Answer:
17
Explanation:
First of all let us assume the following:
Let the number of nickels = n
Let the number of dimes = d
Let the number of quarters = q
Note also the following conversion factors:
1 nickel = $0.05
1 dime = $0.1
1 quarter = $0.25
we are given the following information:
n + d + q = 38. . . . (1) (38 coins consisting only of nickels, dimes, and quarters)
0.05n + 0.1d + 0.25q = 4.75 ( we can remove decimals by multiplying through by 100 to give)
5n + 10d + 25q = 475 . . . . (2) note that equation 2 can also be simplified by dividing through by 5, to give the following)
n + 2d + 5q = 95 . . . . . (2)
8n + 6d + 22q = 410 . . . . (3)
Next we will look for a way to eliminate two of the unknowns in each equation to have just one unknown that we can use to solve.
we have three equations
n + d + q = 38. . . . . . . . (1)
n + 2d + 5q = 95 . . . . . (2)
8n + 6d + 22q = 410 . . .(3)
Next we will look for a way to eliminate two of the unknowns in each equation to have just one unknown that we can use to solve.
we can eliminate n by subtracting equation (1) from (2) {eq (2) - eq (1)}
(n - n) + (2d - d) + (5q - q ) = (95 - 38)

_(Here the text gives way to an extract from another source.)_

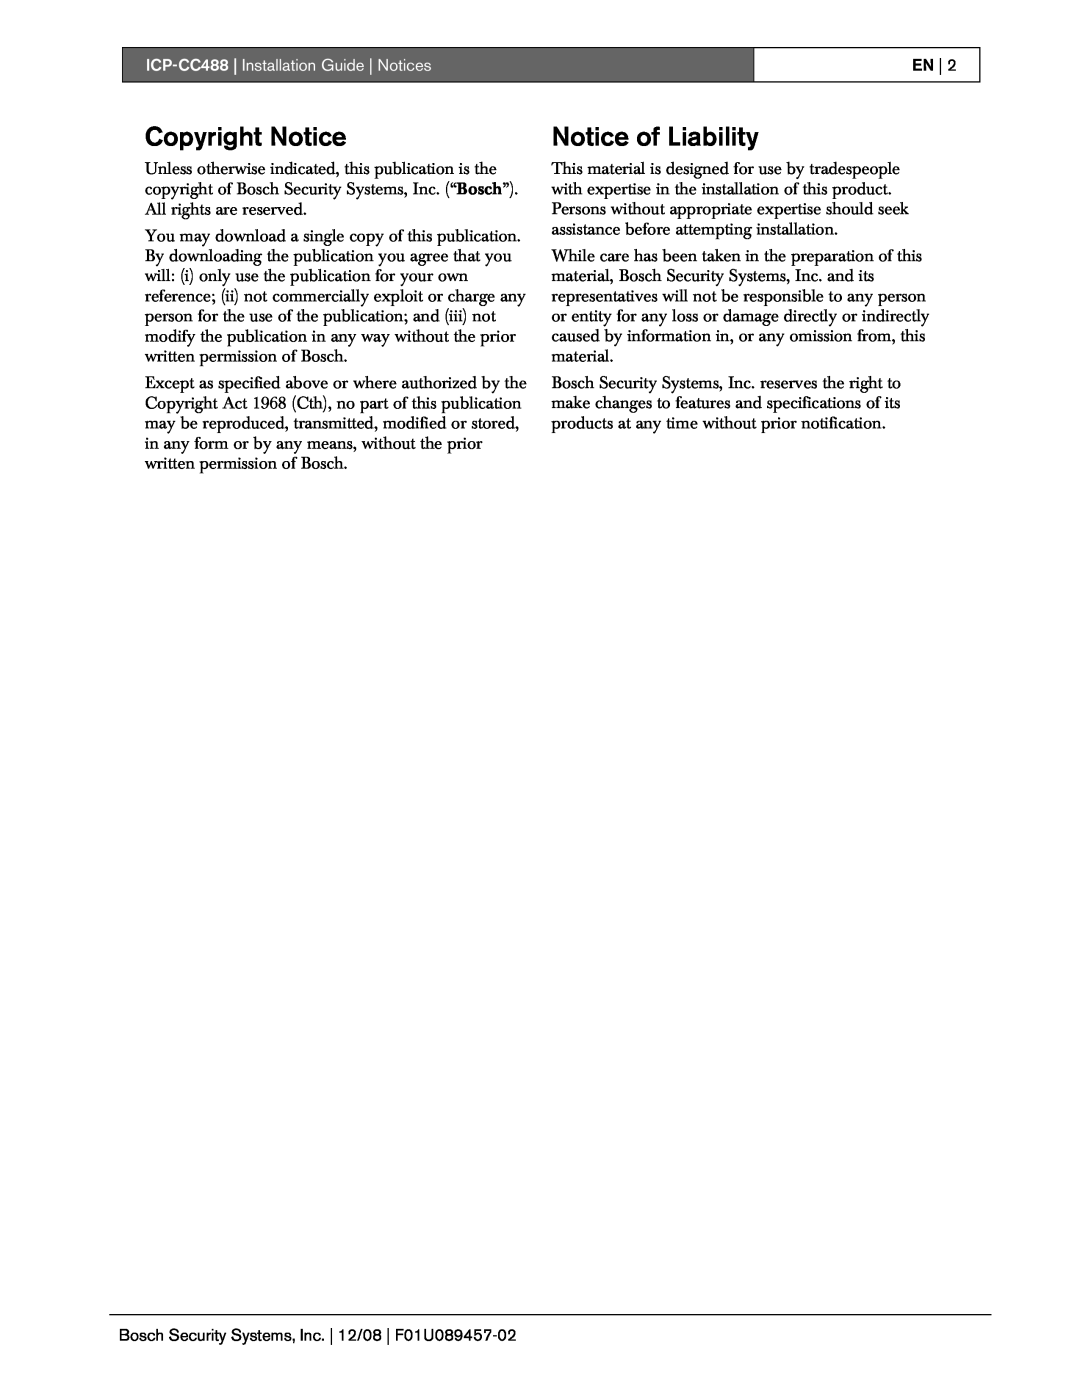 Bosch Appliances manual Copyright Notice, Notice of Liability, ICP-CC488| Installation Guide | Notices, En

= d + 4q = 57 . . . . . . (3)
Next we can multiply eqn (1) through by 8, to make it look like eqn (3), the we can subtract eqn (1) from eqn (3) as follows:
eqn (1) × 8 = 8 × (n + d + q = 38)
8n + 8d + 8q = 304 . . . . (1b) ; subtracting this from eqn (3) we have:
(8n - 8n) + (6d - 8d) + (22q - 8q) = (410 - 304)
= -2d + 14q = 106 . . . . (4)
Now, we have two simplified equations that we can work with:
d + 4q = 57 . . . . . . (3)
-2d + 14q = 106 . . . . (4)
from eqn (3), making 'd' the subject of the formular:
d = 57 - 4q ; replacing the value of d in eqn 4 with this value, we have:
-2(57 - 4q) + 14q = 106
-114 + 8q + 14q = 106
-114 + 22q = 106
22q = 106 + 114 = 220
22q = 220
∴ q = 220 ÷ 22 = 10
∴ q = 10
Next let us solve for 'd' by replacing the value of q with 10 in eqn (3)
d + 4q = 57 . . . . . . (3) (but q = 10)
d + 4(10) = 57
d + 40 = 57
d = 57 - 40 = 17
d = 17
finally to solve for n, let us input the values of q and d into eqn (1)
n + d + q = 38. . . . (1) (q = 10 ; d = 17)
n + 17 + 10 = 38
n + 27 = 38
∴ n = 38 - 27 = 11
Therefore the number of each coin are as follows:
nickel = 11
dime = 17
quarters = 10
the solution is quite lengthy, but if you don't understand it at first look, please go through it again.